(Data extract)
++++++++++

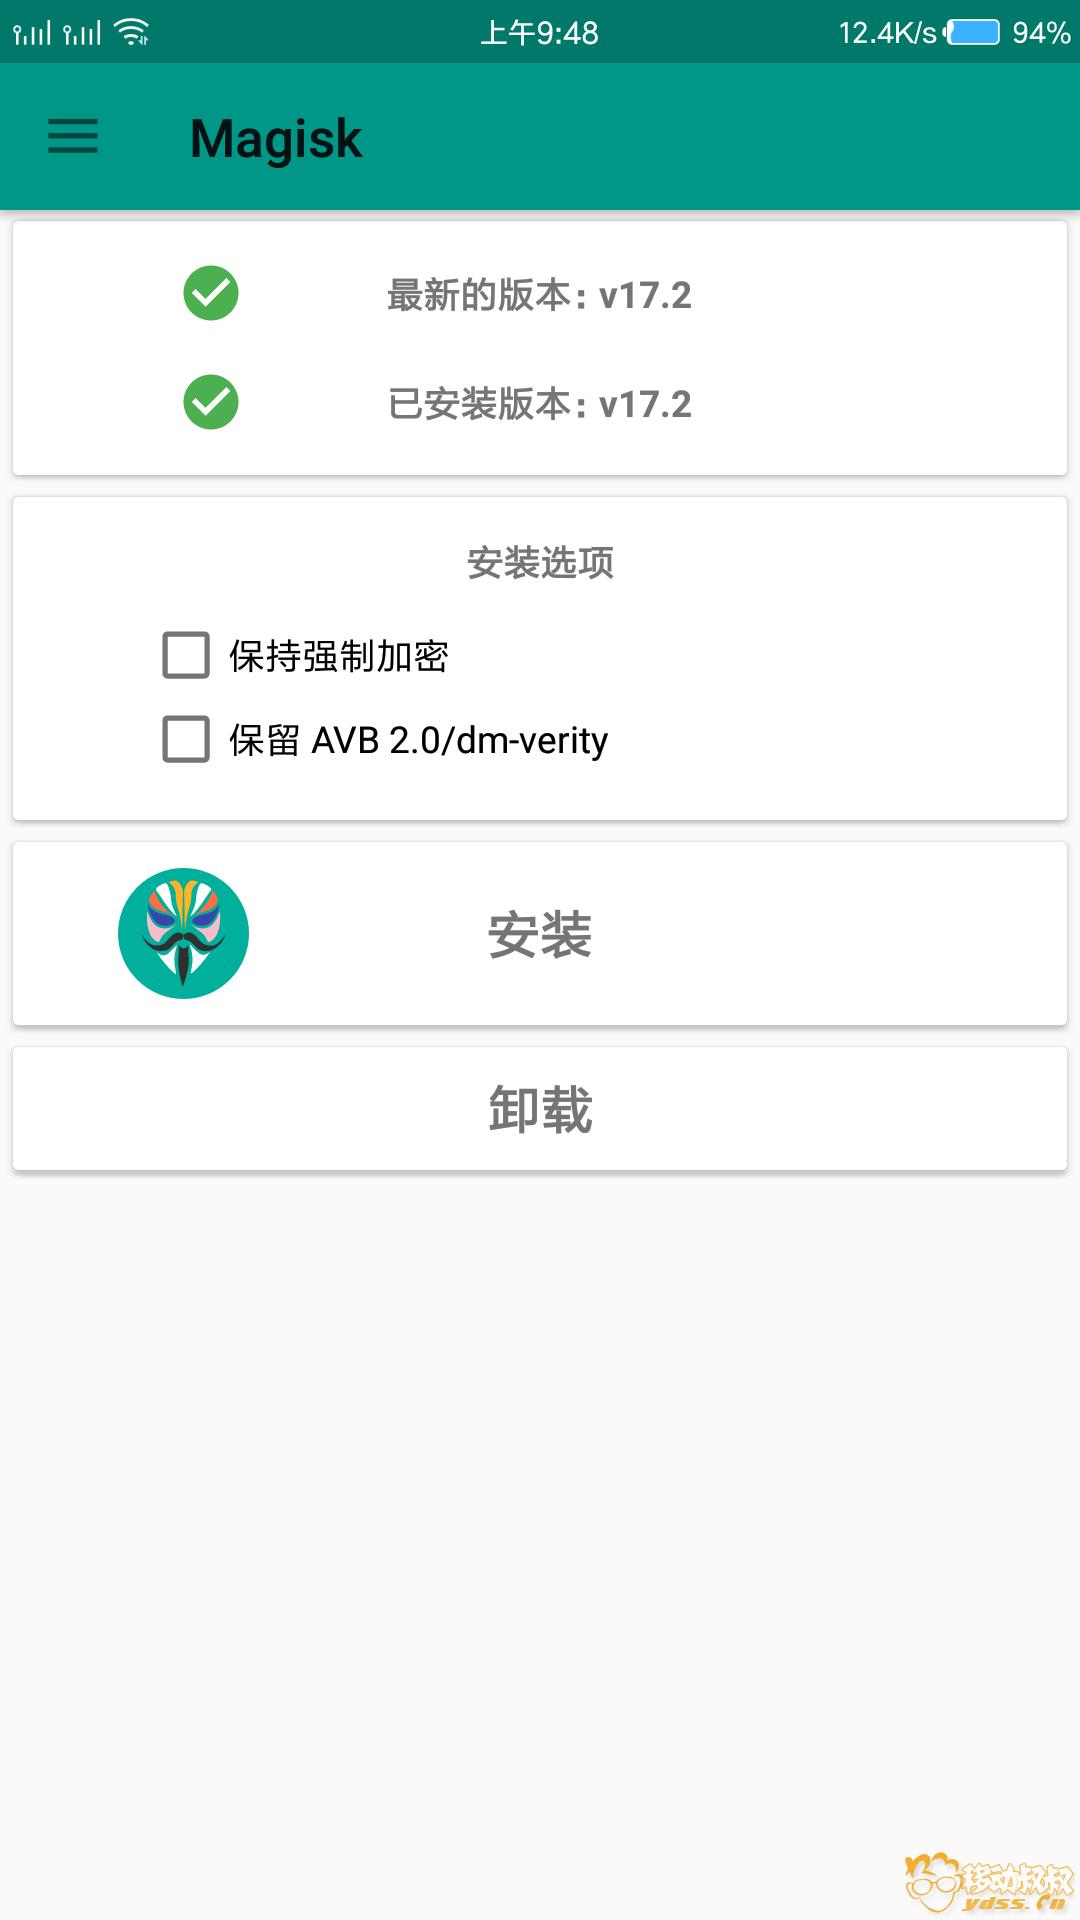 Screenshot_2018-10-01-09-48-12-220_com.topjohnwu.magisk.png
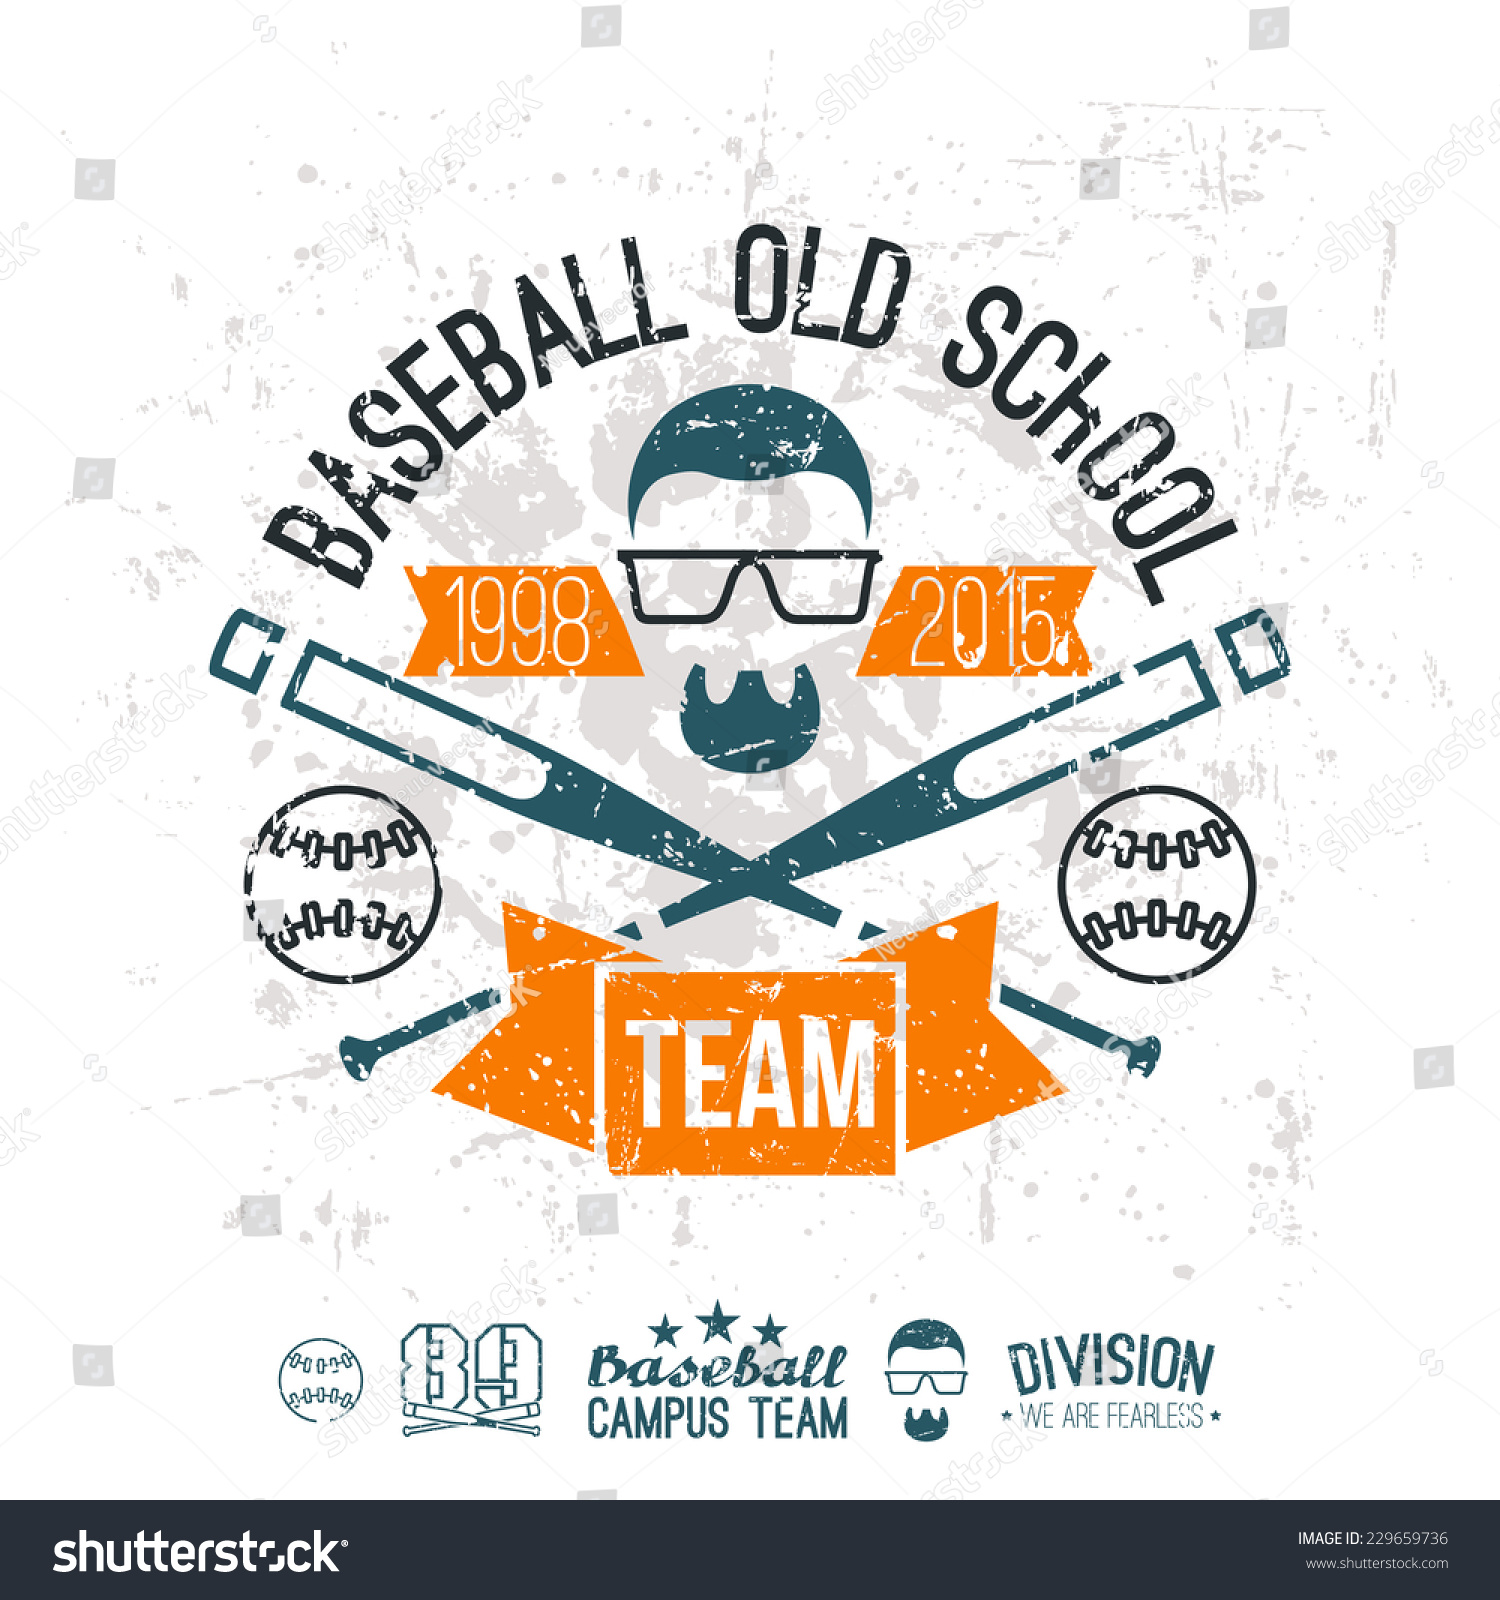 Emblem Baseball Team Graphic Design For T Shirt Color Print On A White
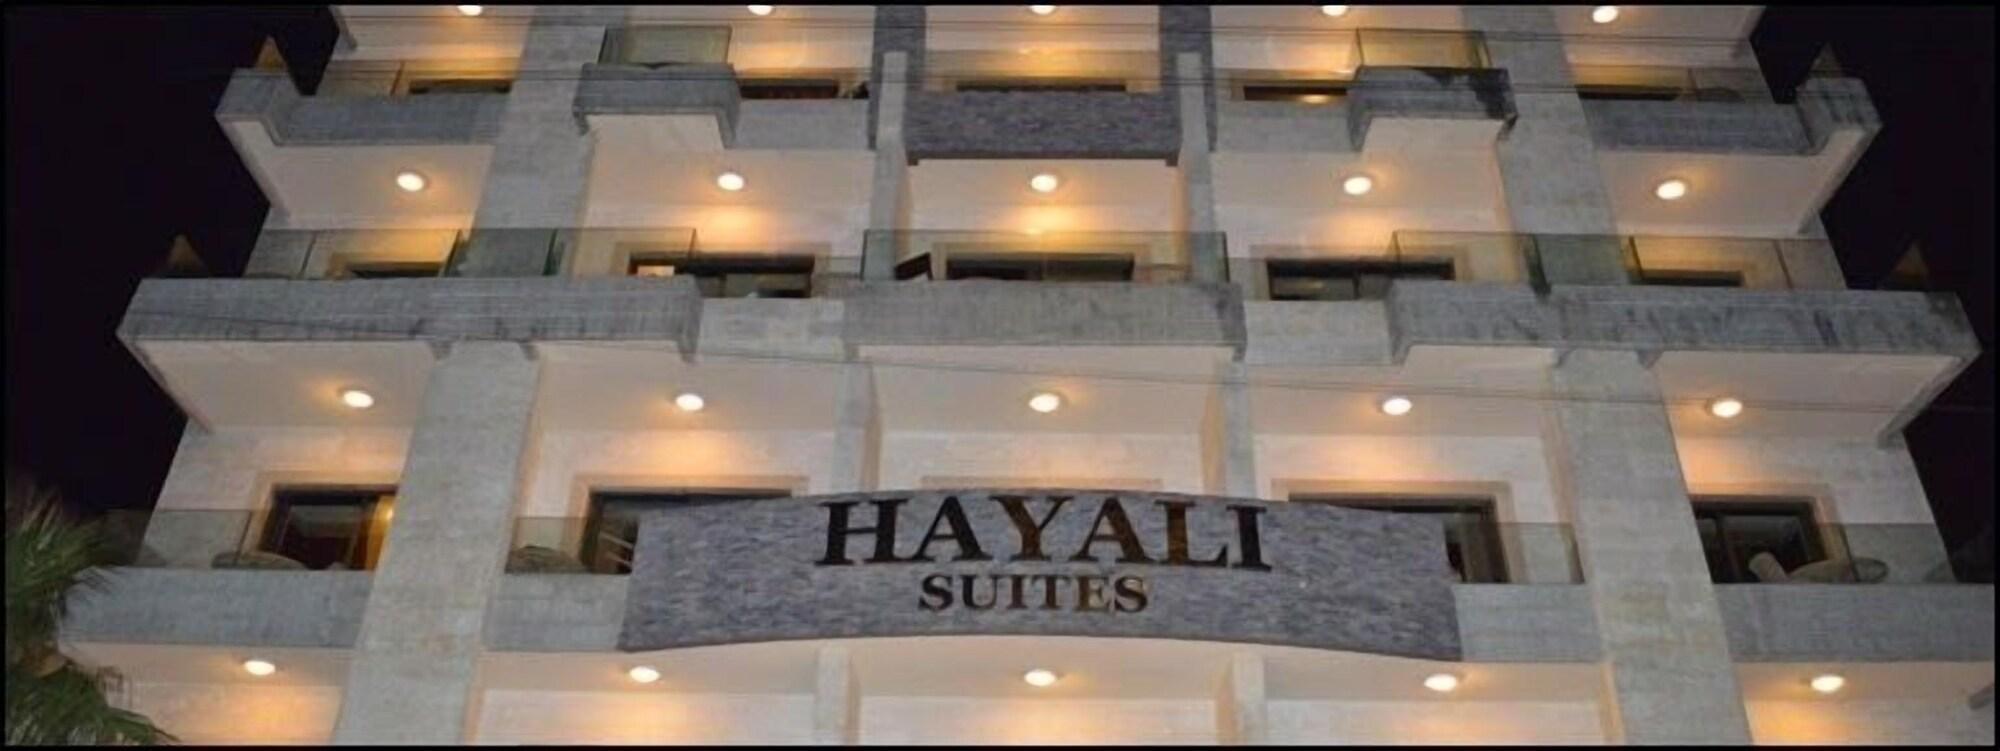 Hayali Suites, Kasrouane
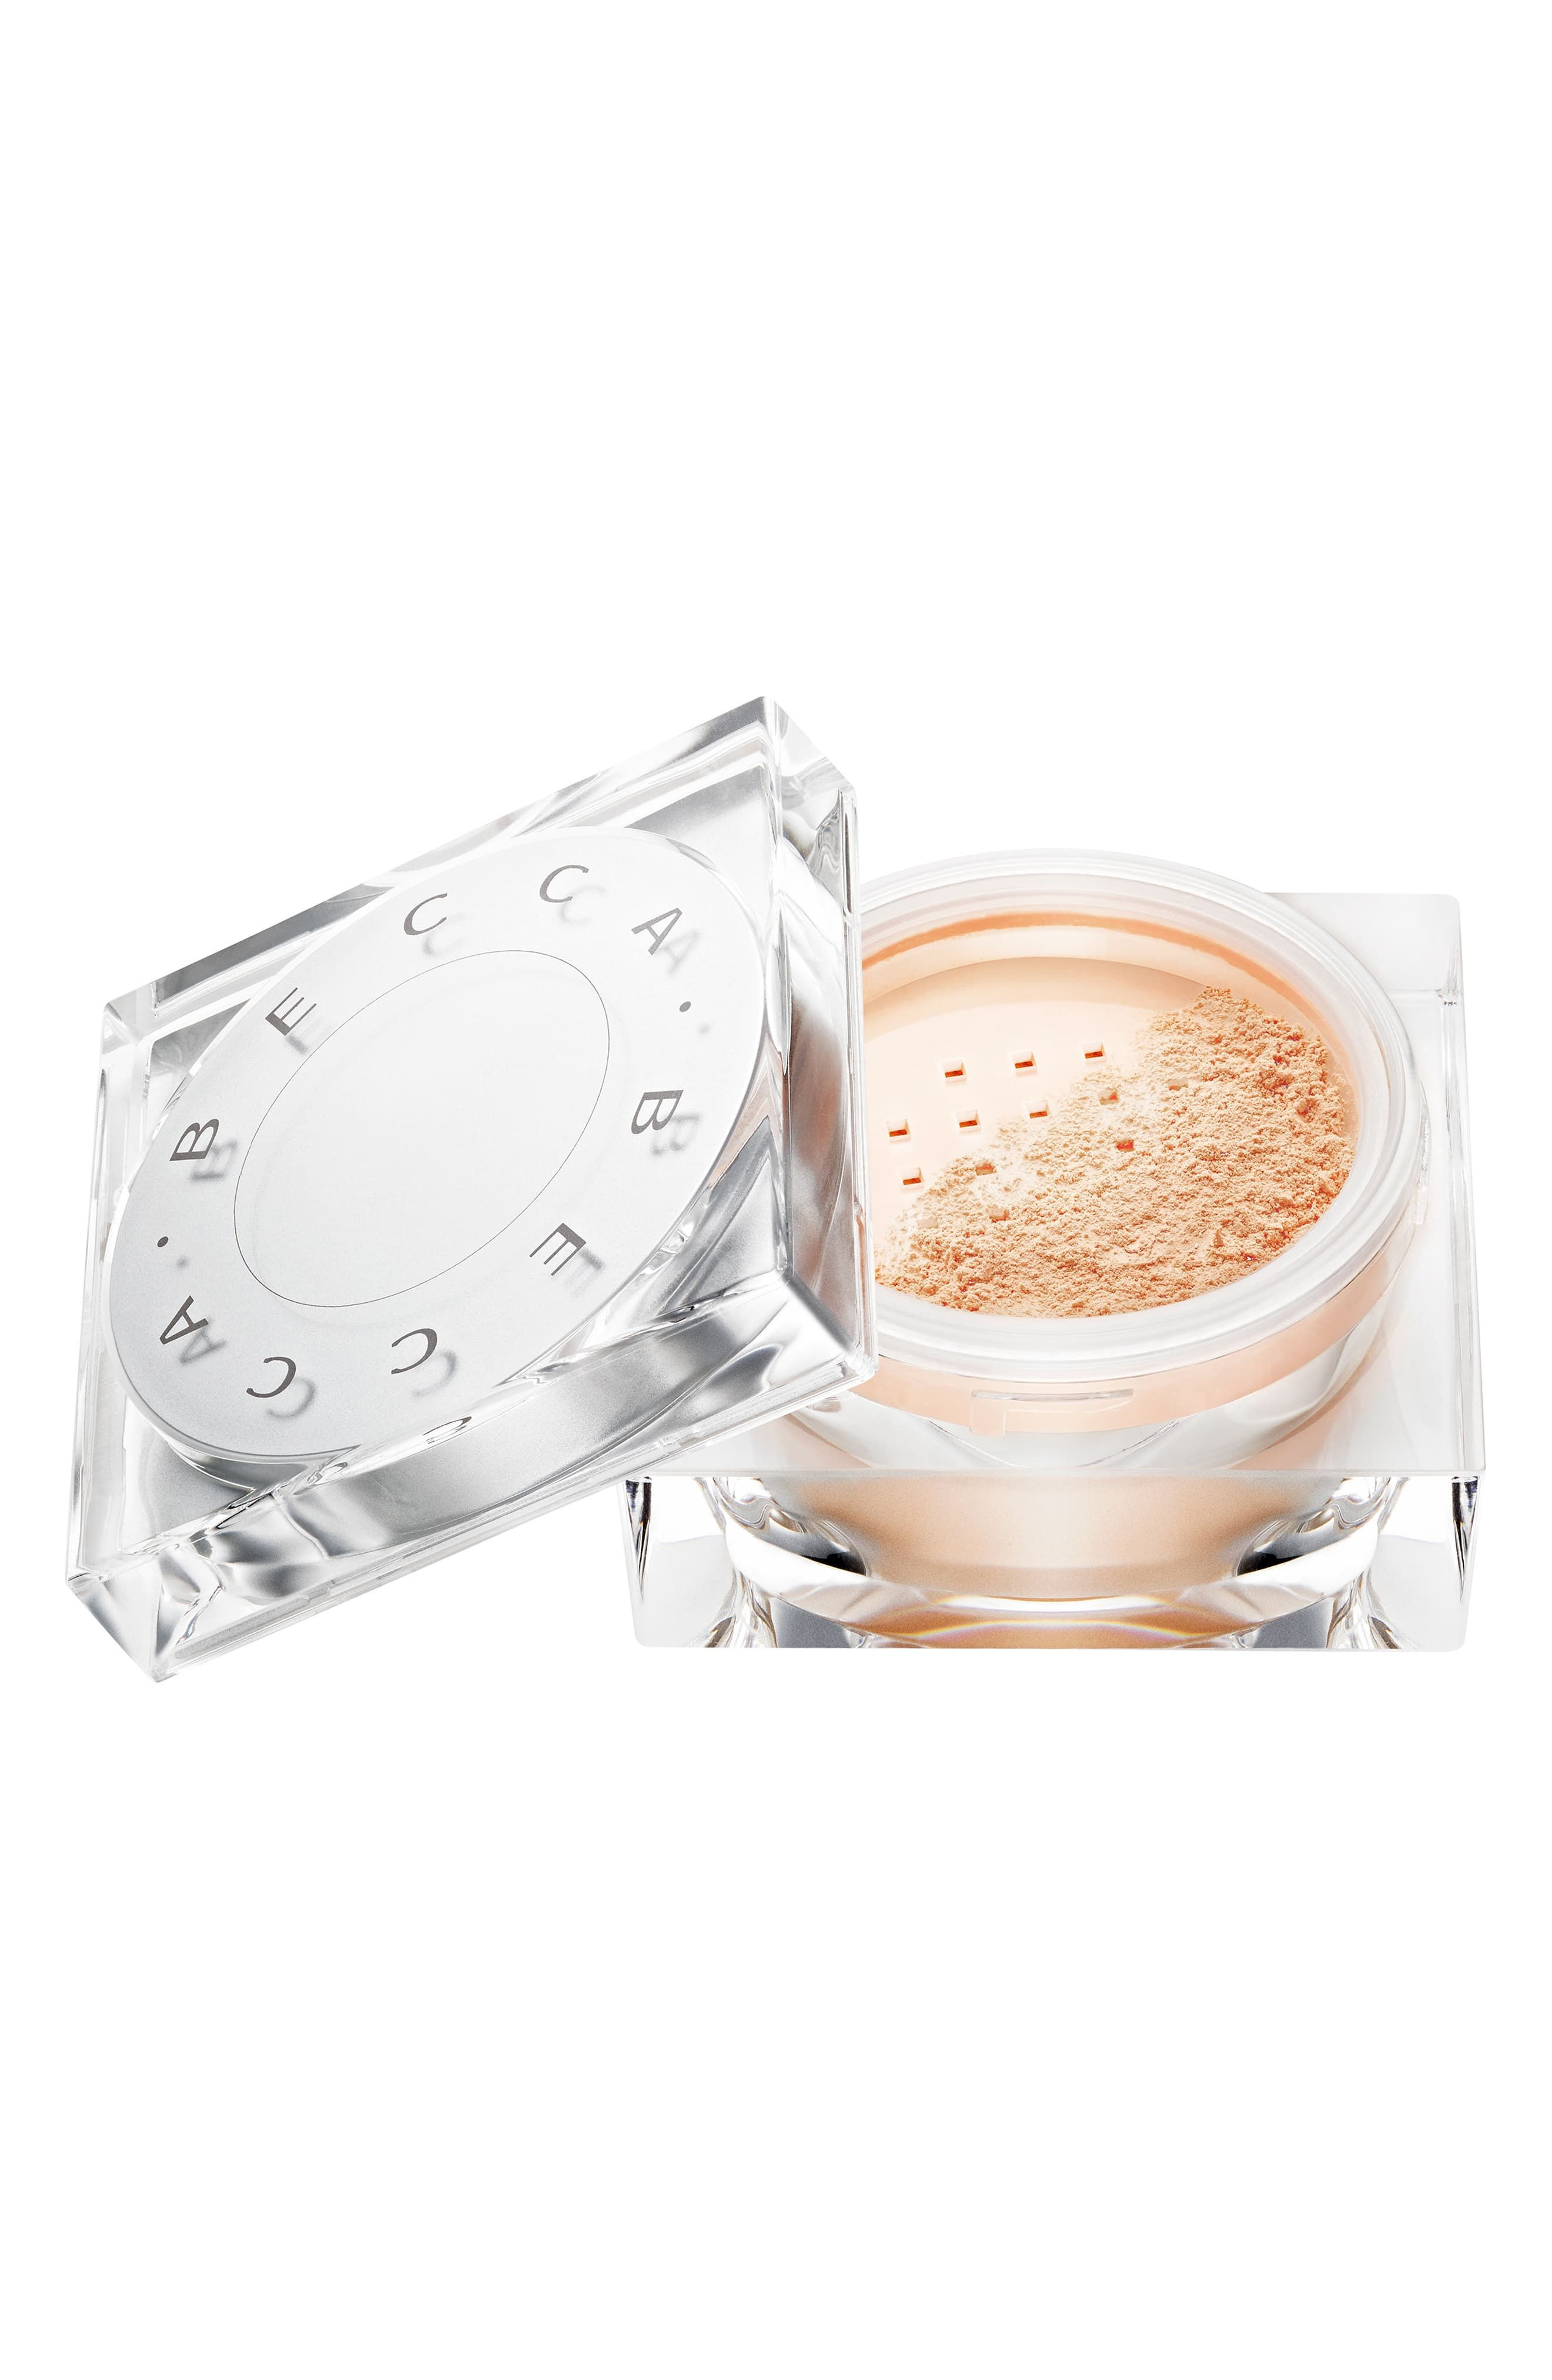 Becca Soft Light Blurring Powder Setting Powder Becca Cosmetics

++++++++++

(What to do) Could you reproduce the data above exactly, without its pictures?

(Written solution)
 Screenshot_2018-10-01-09-48-12-220_com.topjohnwu.magisk.png
 Emblem Baseball Team Graphic Design For T Shirt Color Print On A White
 Hayali Suites, Kasrouane
 Becca Soft Light Blurring Powder Setting Powder Becca Cosmetics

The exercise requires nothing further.